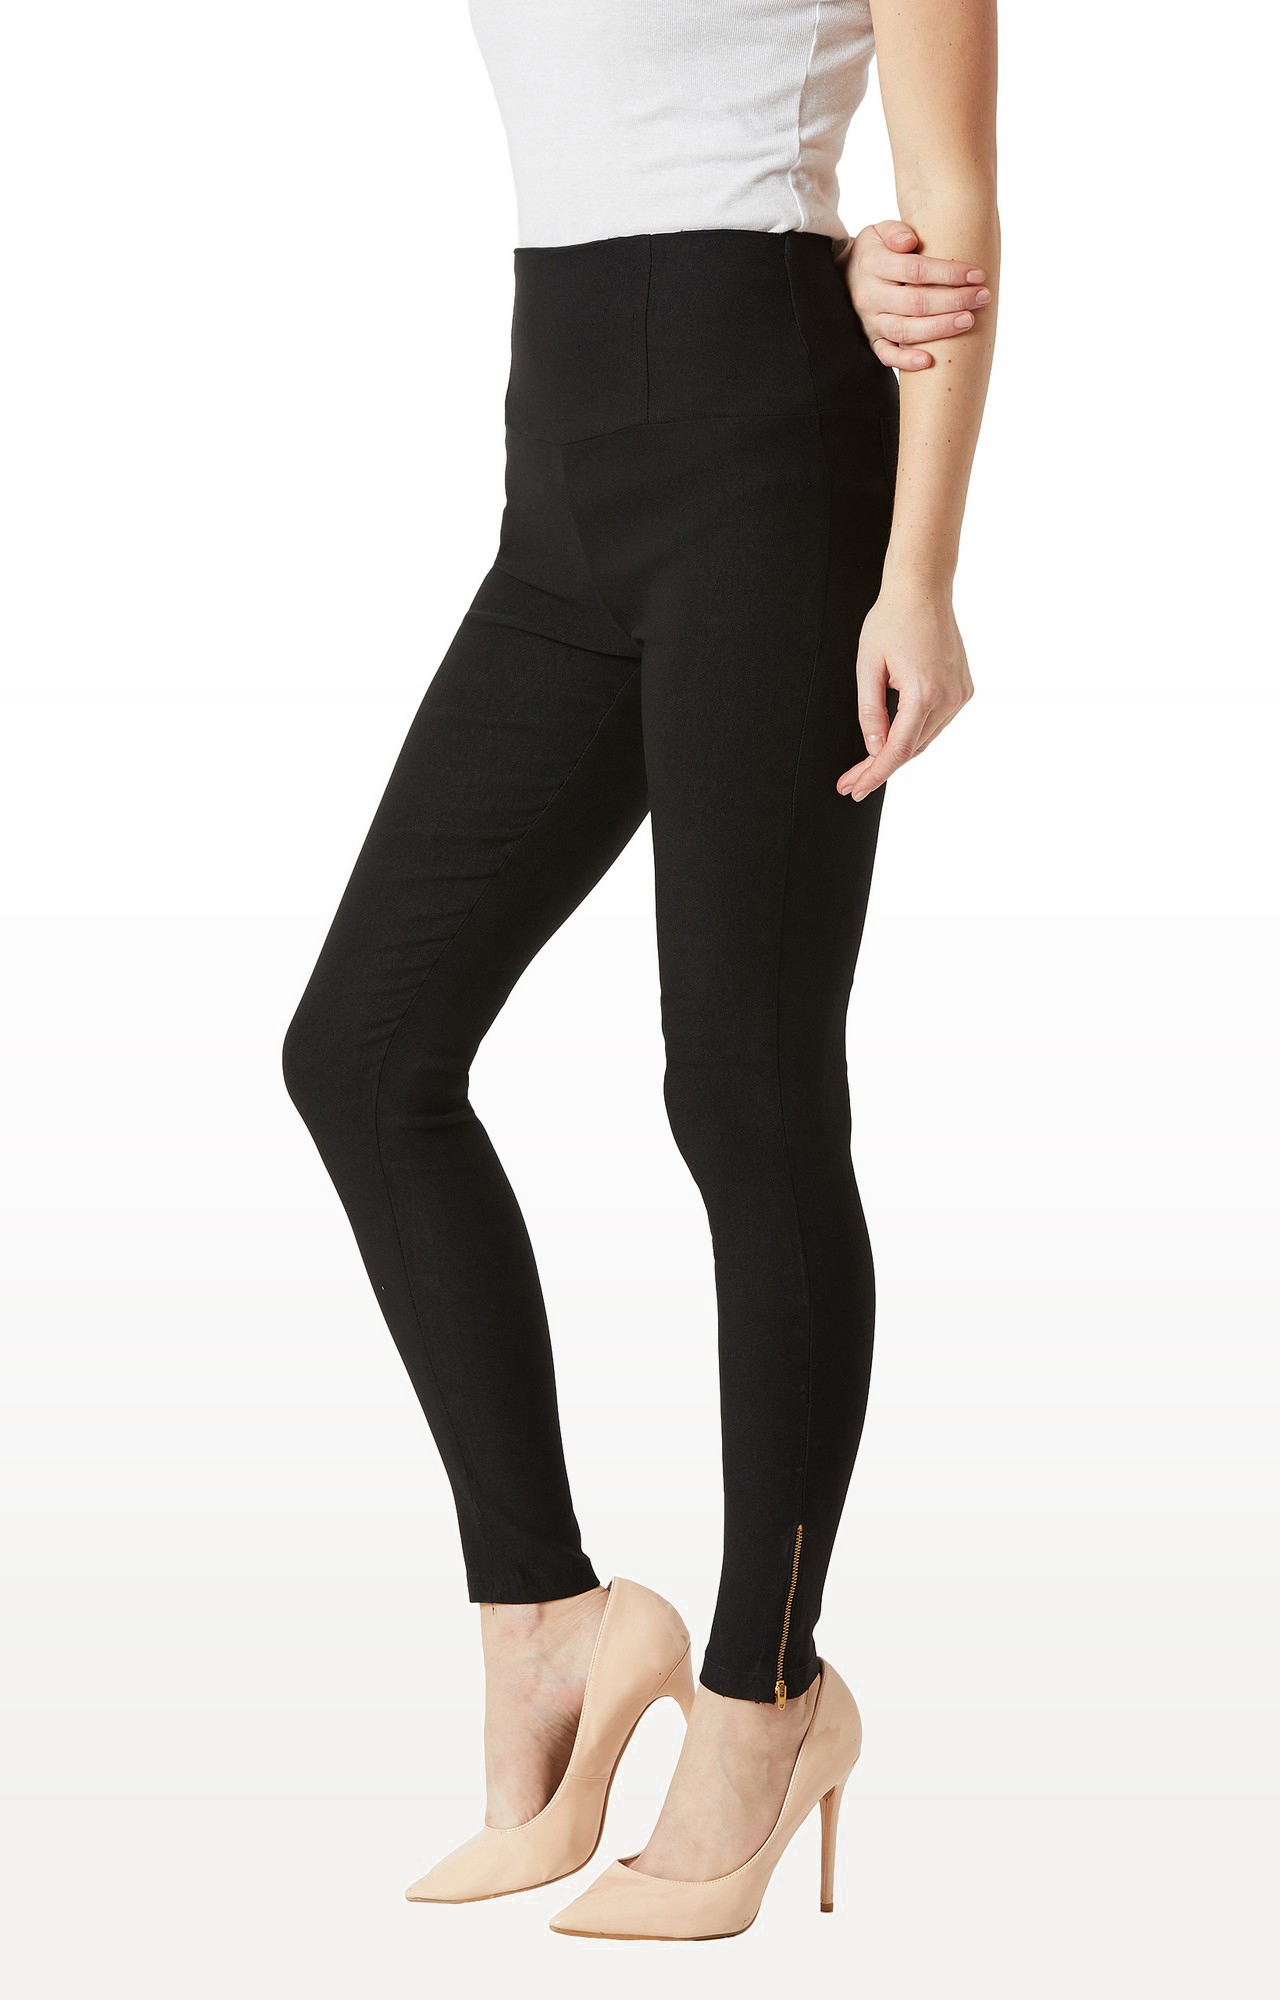 MISS CHASE | Women's Black Solid Jeggings 2
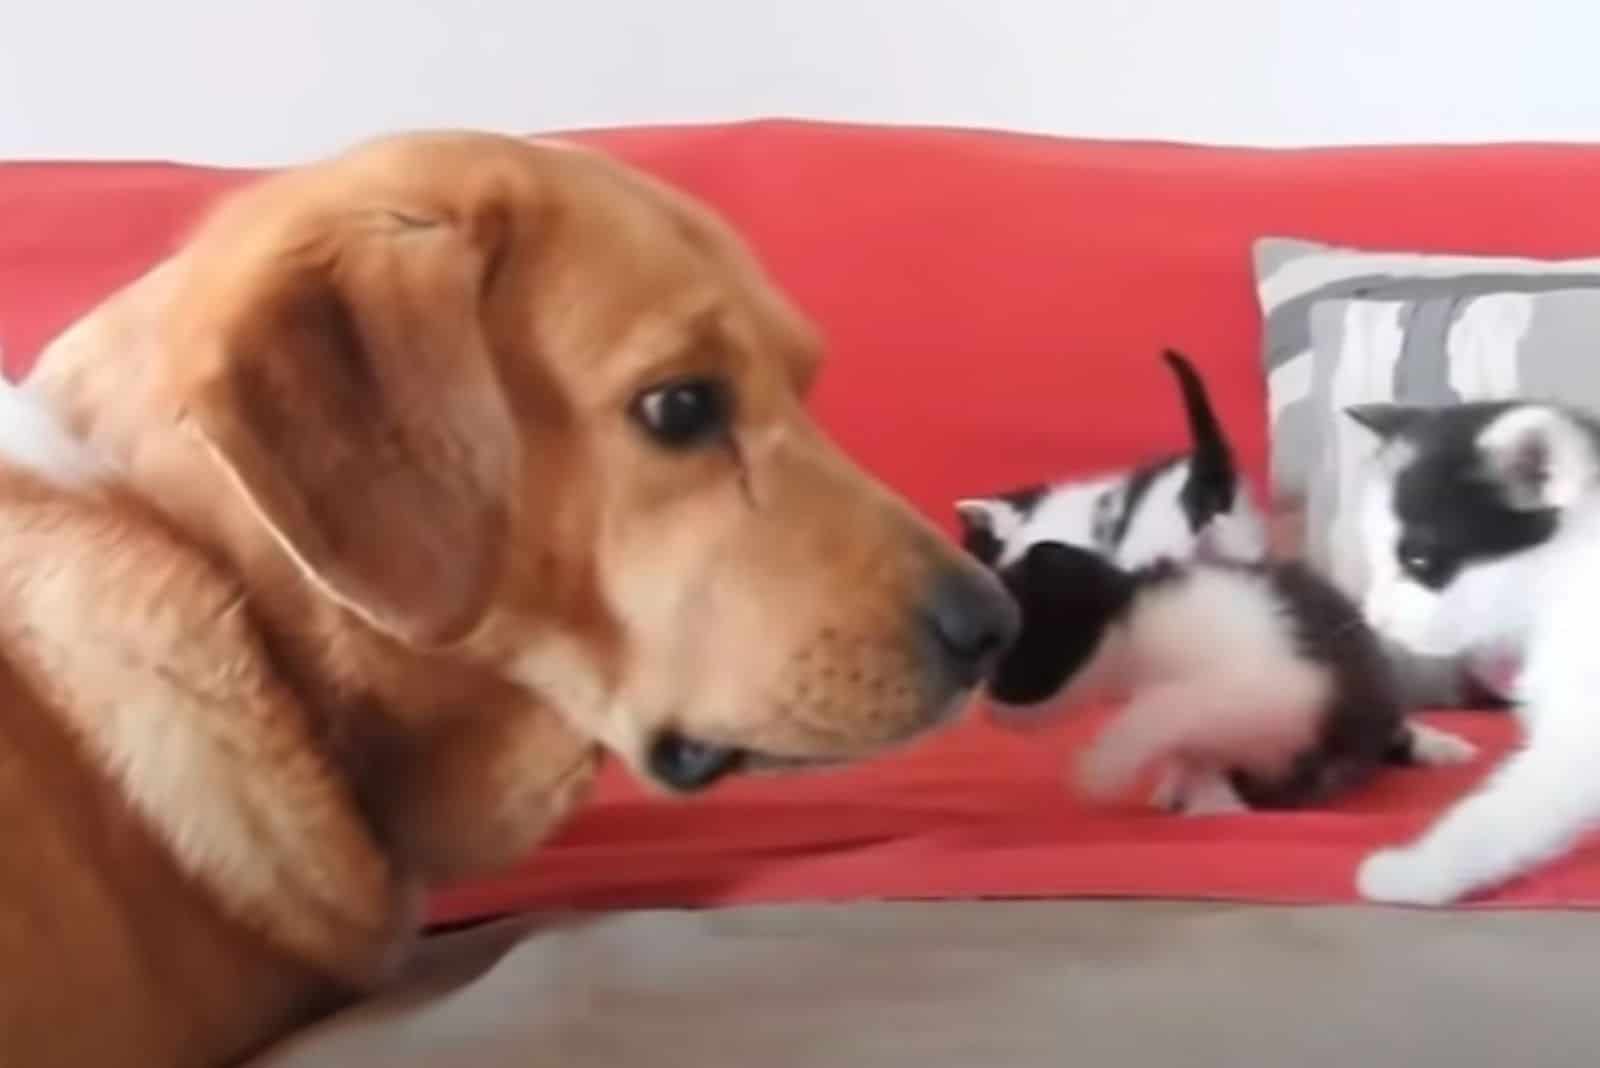 the dog looking at the rescued kittens
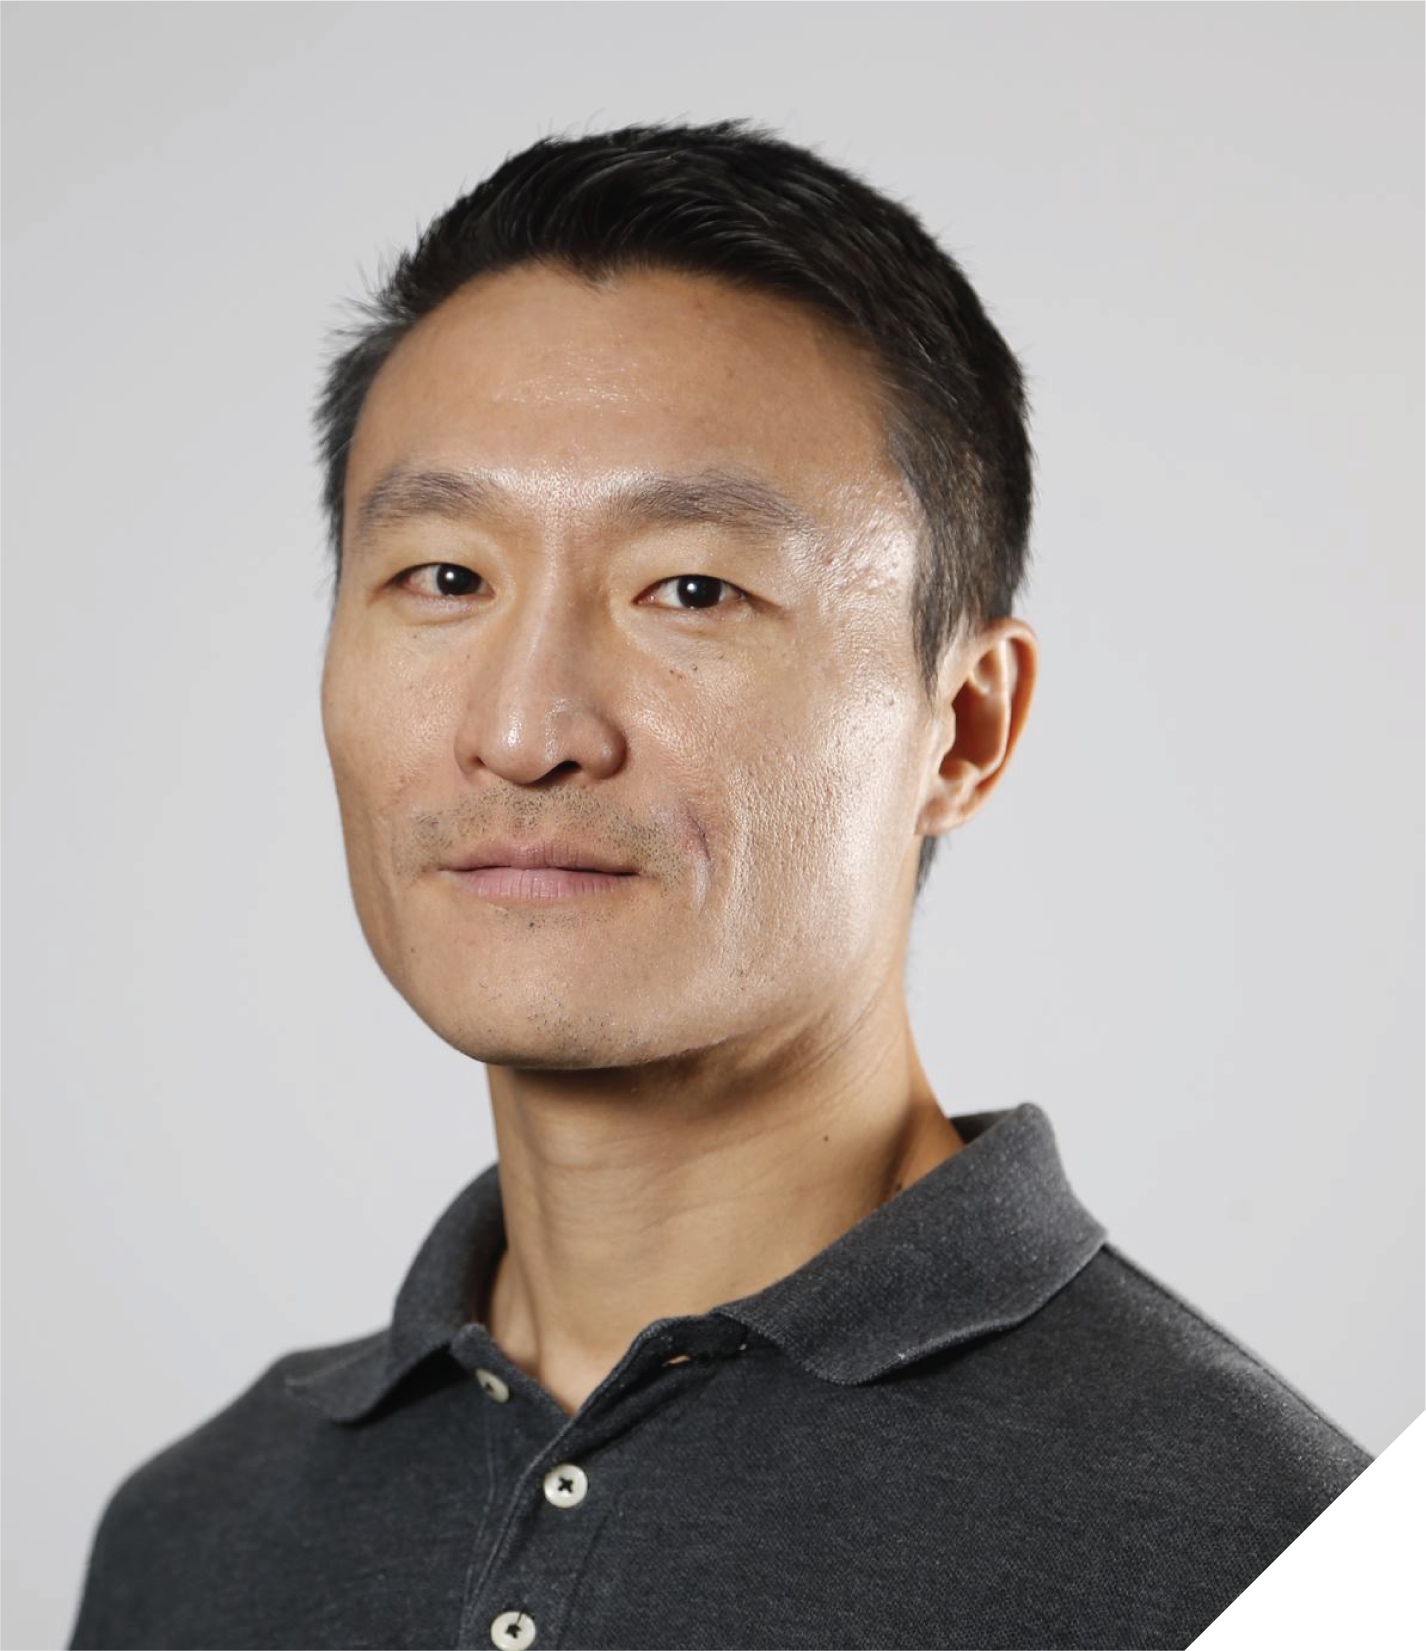 Ohio State faculty Lin Ding headshot
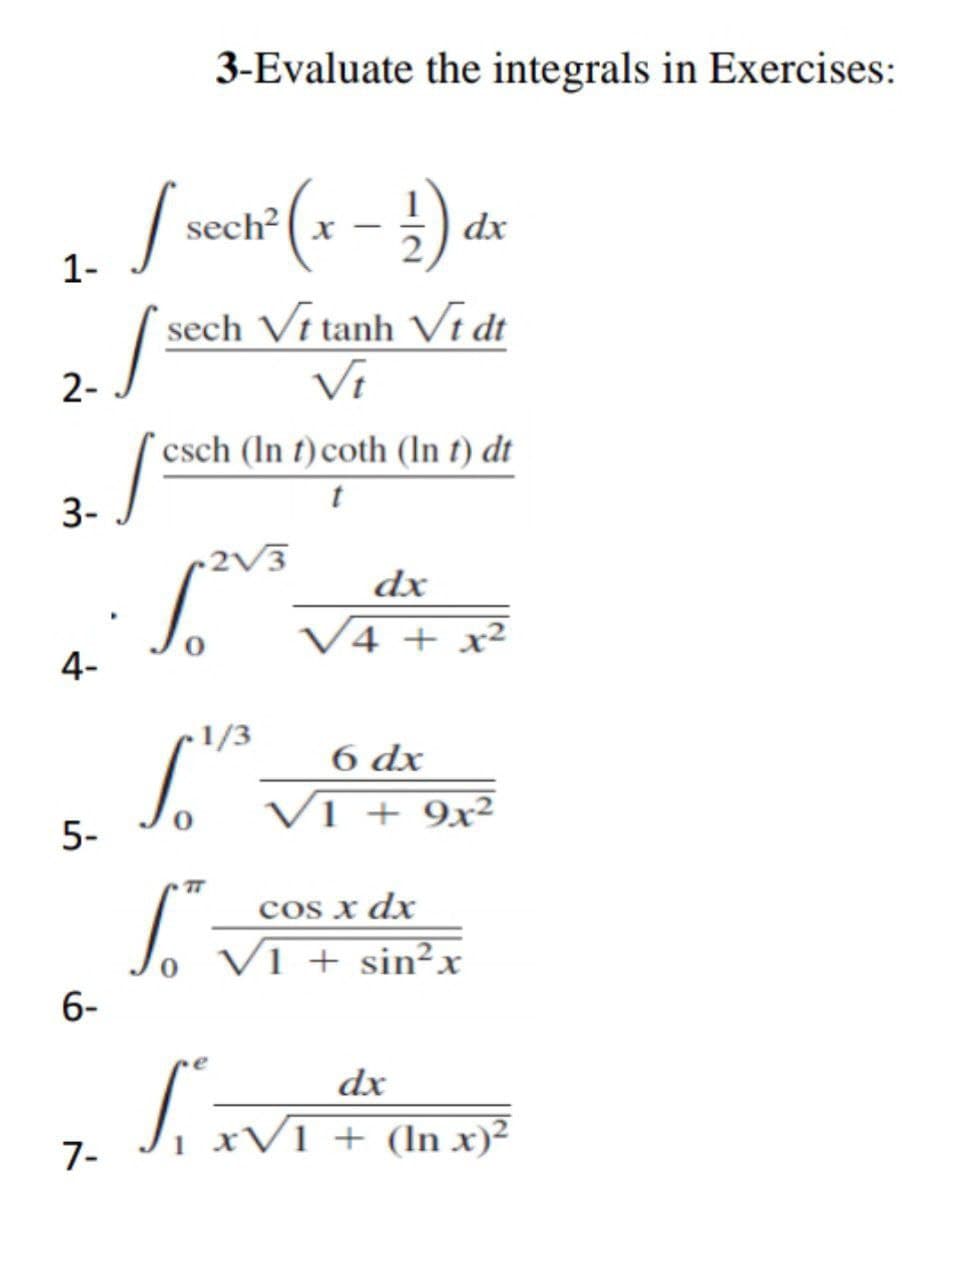 3-Evaluate the integrals in Exercises:
S sech (x - ) dx
1-
sech Vt tanh Vĩ dt
Vi
2-
csch (In t) coth (ln t) dt
t
3-
dx
V4 + x²
4-
1/3
6 dx
Vi + 9x²
5-
TT
cos x dx
VI + sin²x
6-
dx
1.VI + (In x)²
7-

*TASK ITEM*: Repeat the lines from the one containing "S sech (x - ) dx" through the end of the listing, exactly and without any other lines; both ends are included.

*SOLUTION TO THIS EXERCISE*:
S sech (x - ) dx
1-
sech Vt tanh Vĩ dt
Vi
2-
csch (In t) coth (ln t) dt
t
3-
dx
V4 + x²
4-
1/3
6 dx
Vi + 9x²
5-
TT
cos x dx
VI + sin²x
6-
dx
1.VI + (In x)²
7-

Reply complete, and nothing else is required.